EXERCISE: Set down, unchanged, the line holding "Internet em Portugal" and all lines that follow it to the end of the material, leaving pictures out.

DATA SHOWN:
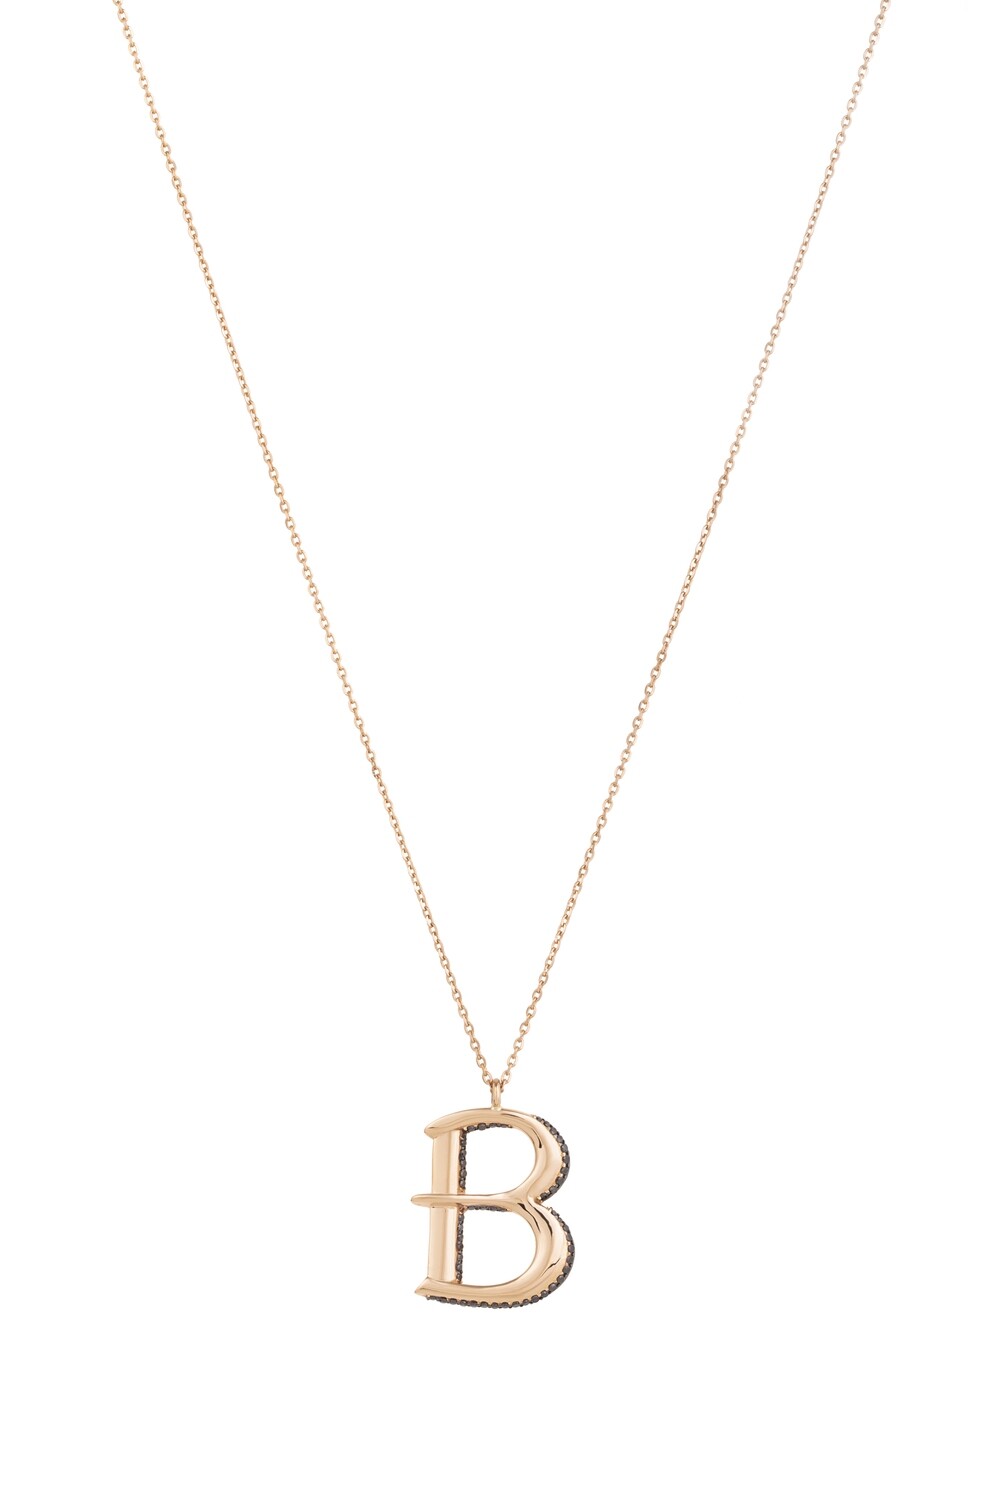 Initials Fancy Black Diamond Necklace, B
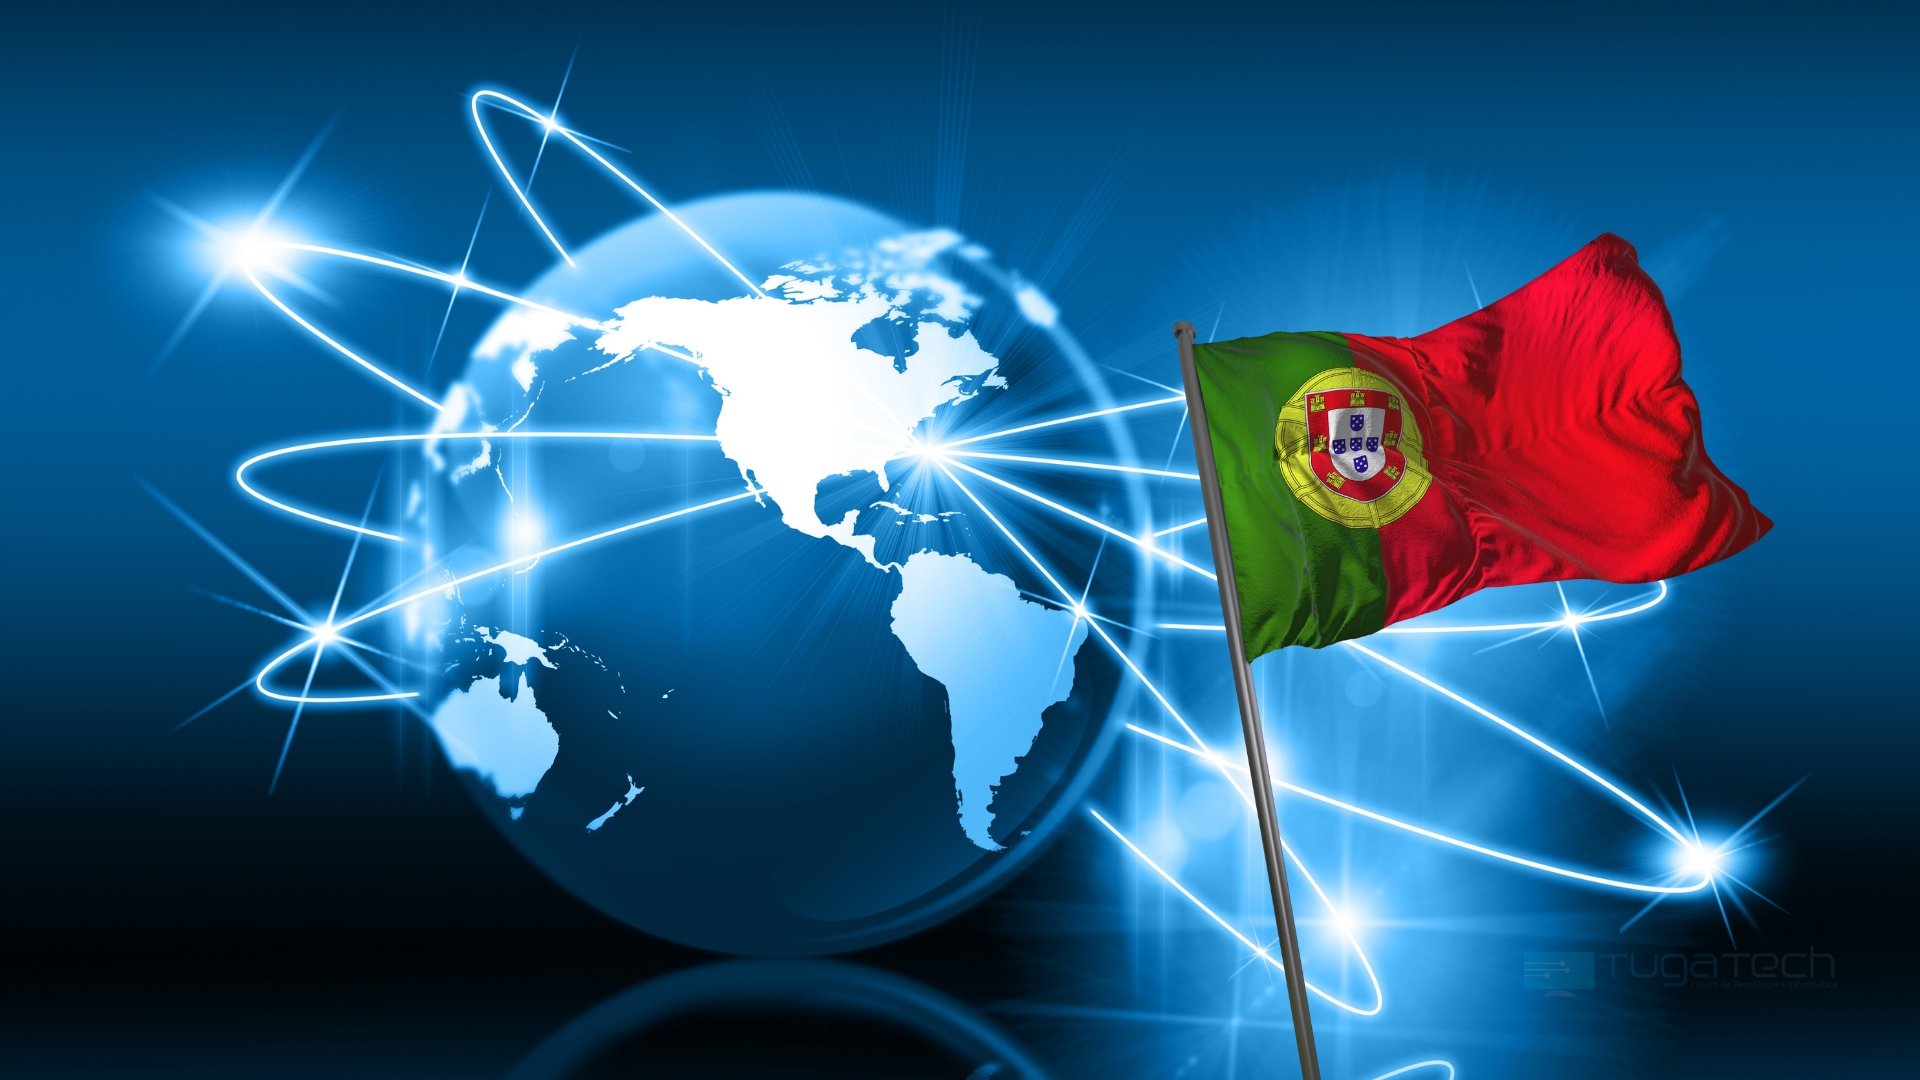 Internet em Portugal
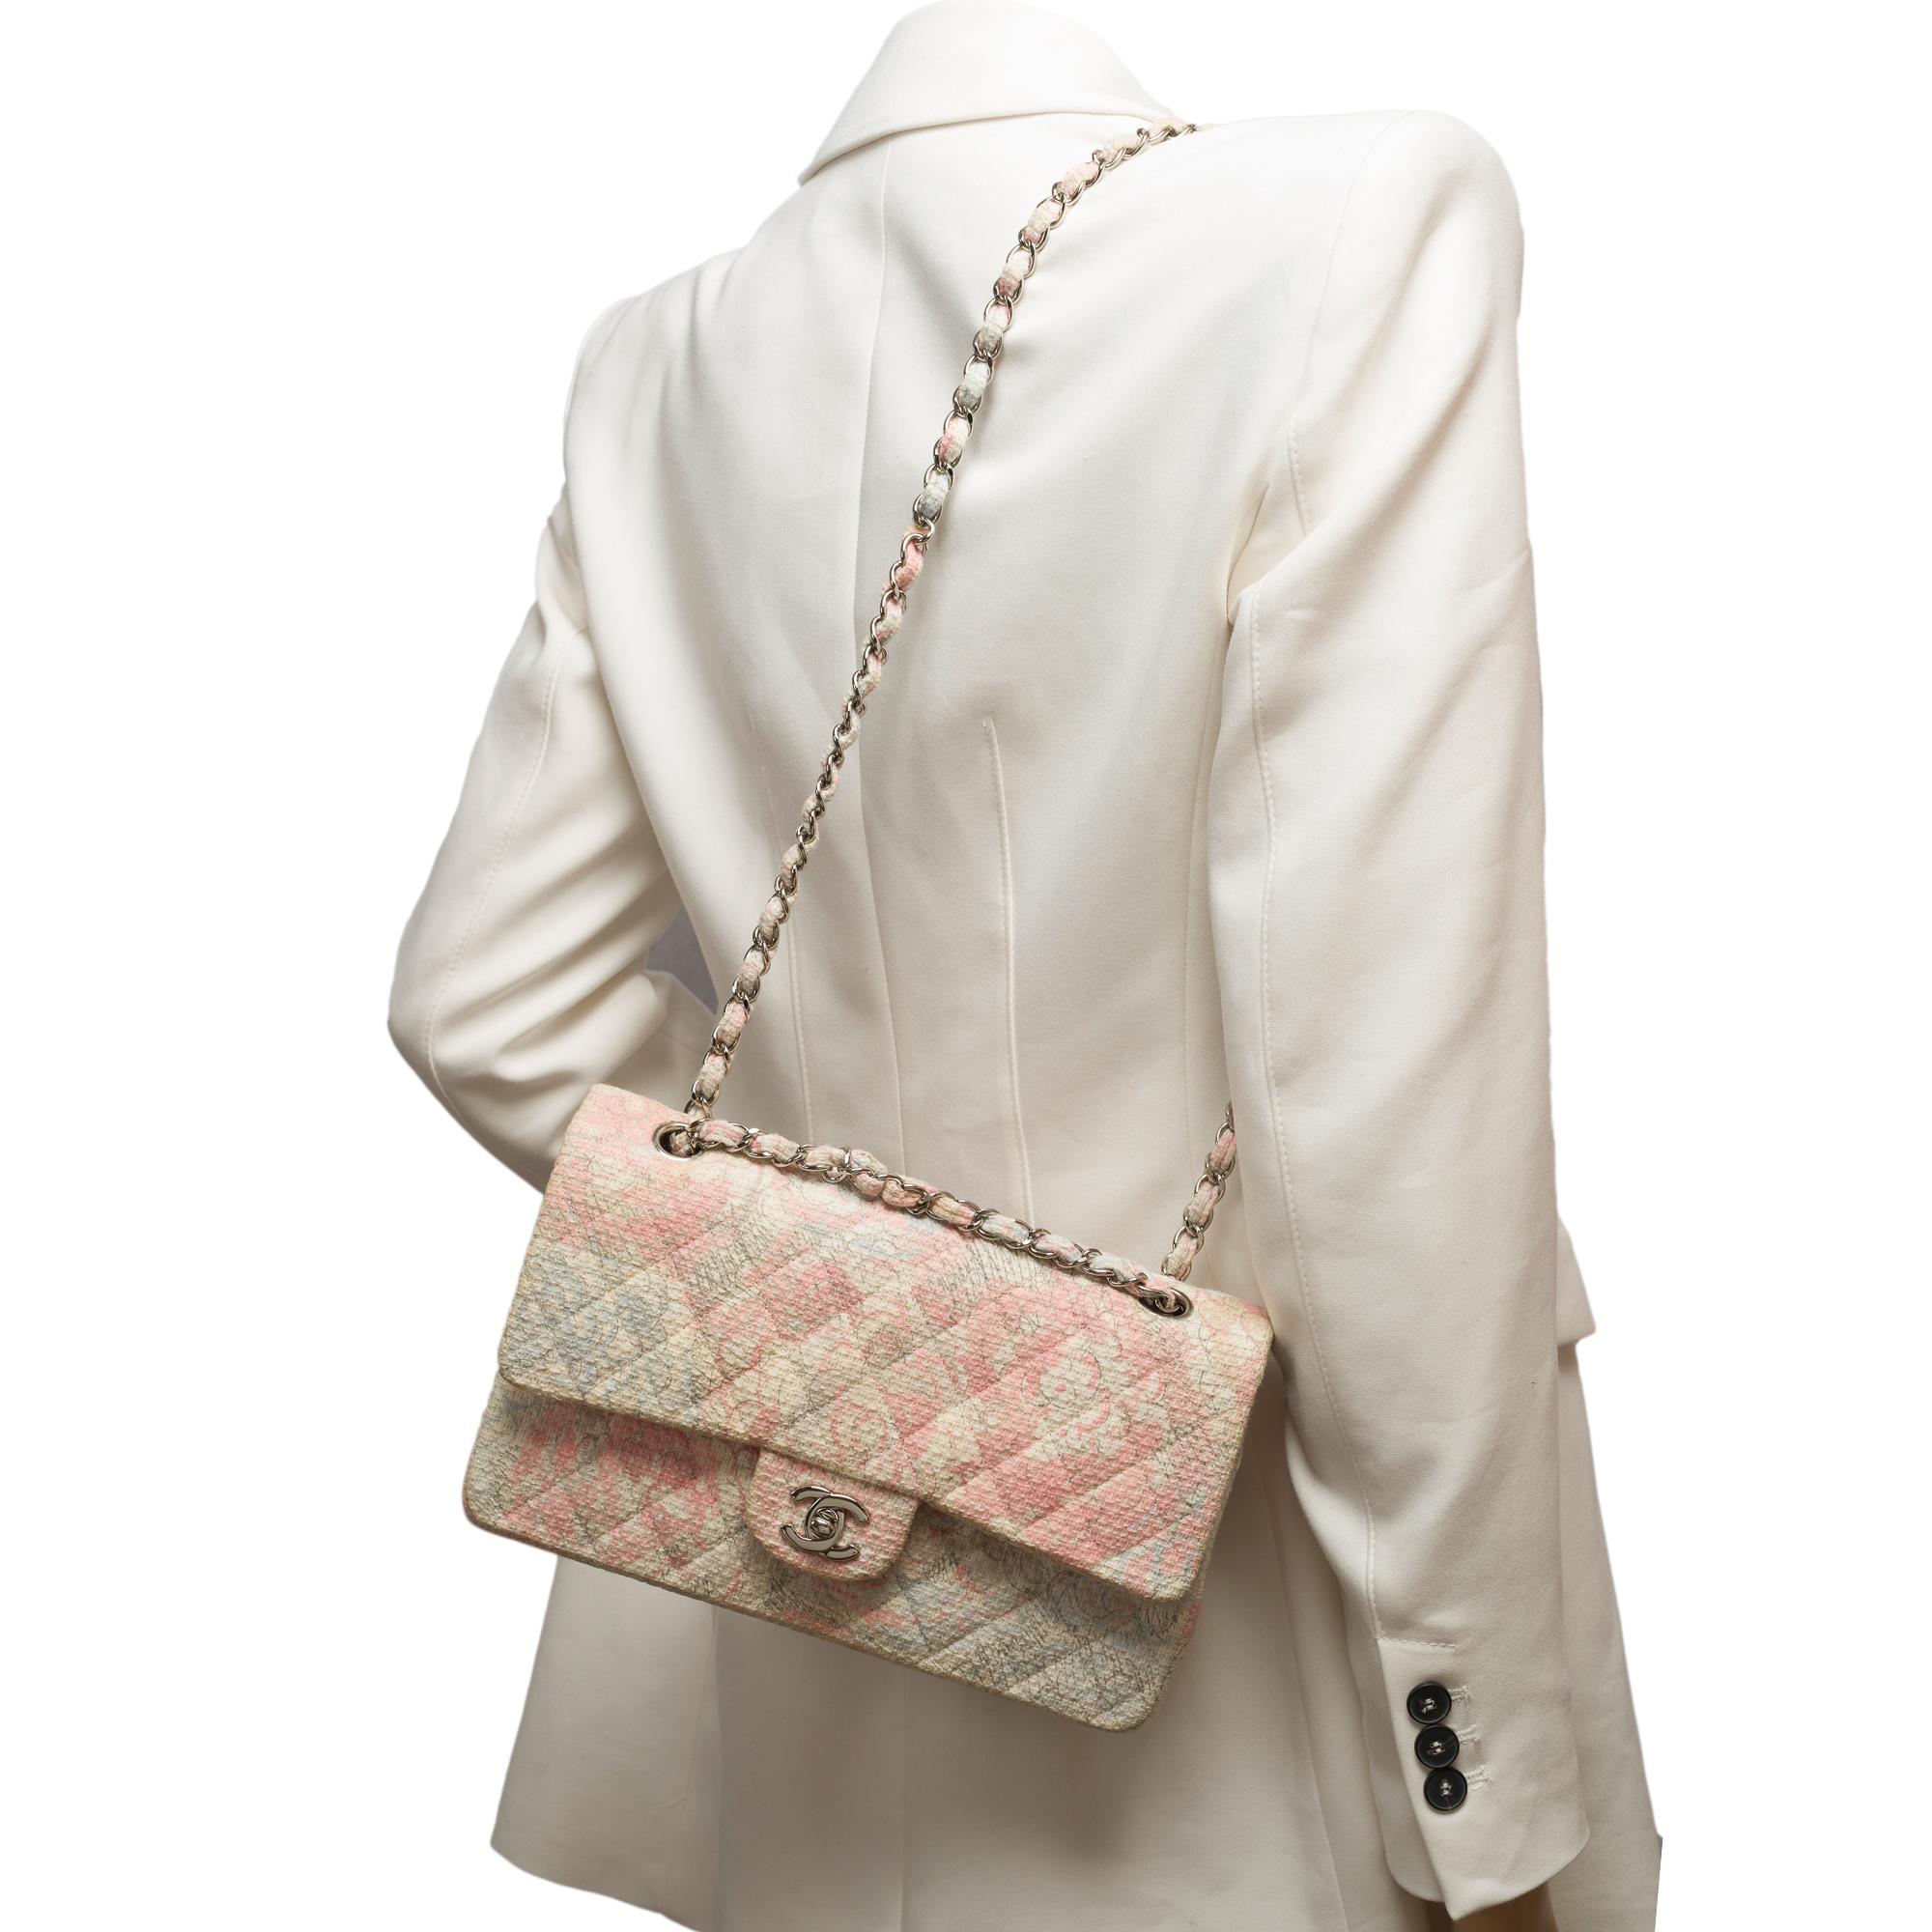 Rare Camelia Limited Edition Chanel Timeless Medium Shoulder bag in Tweed, SHW 8

TASK OUTPUT:
 Internet em Portugal
 Rare Camelia Limited Edition Chanel Timeless Medium Shoulder bag in Tweed, SHW 8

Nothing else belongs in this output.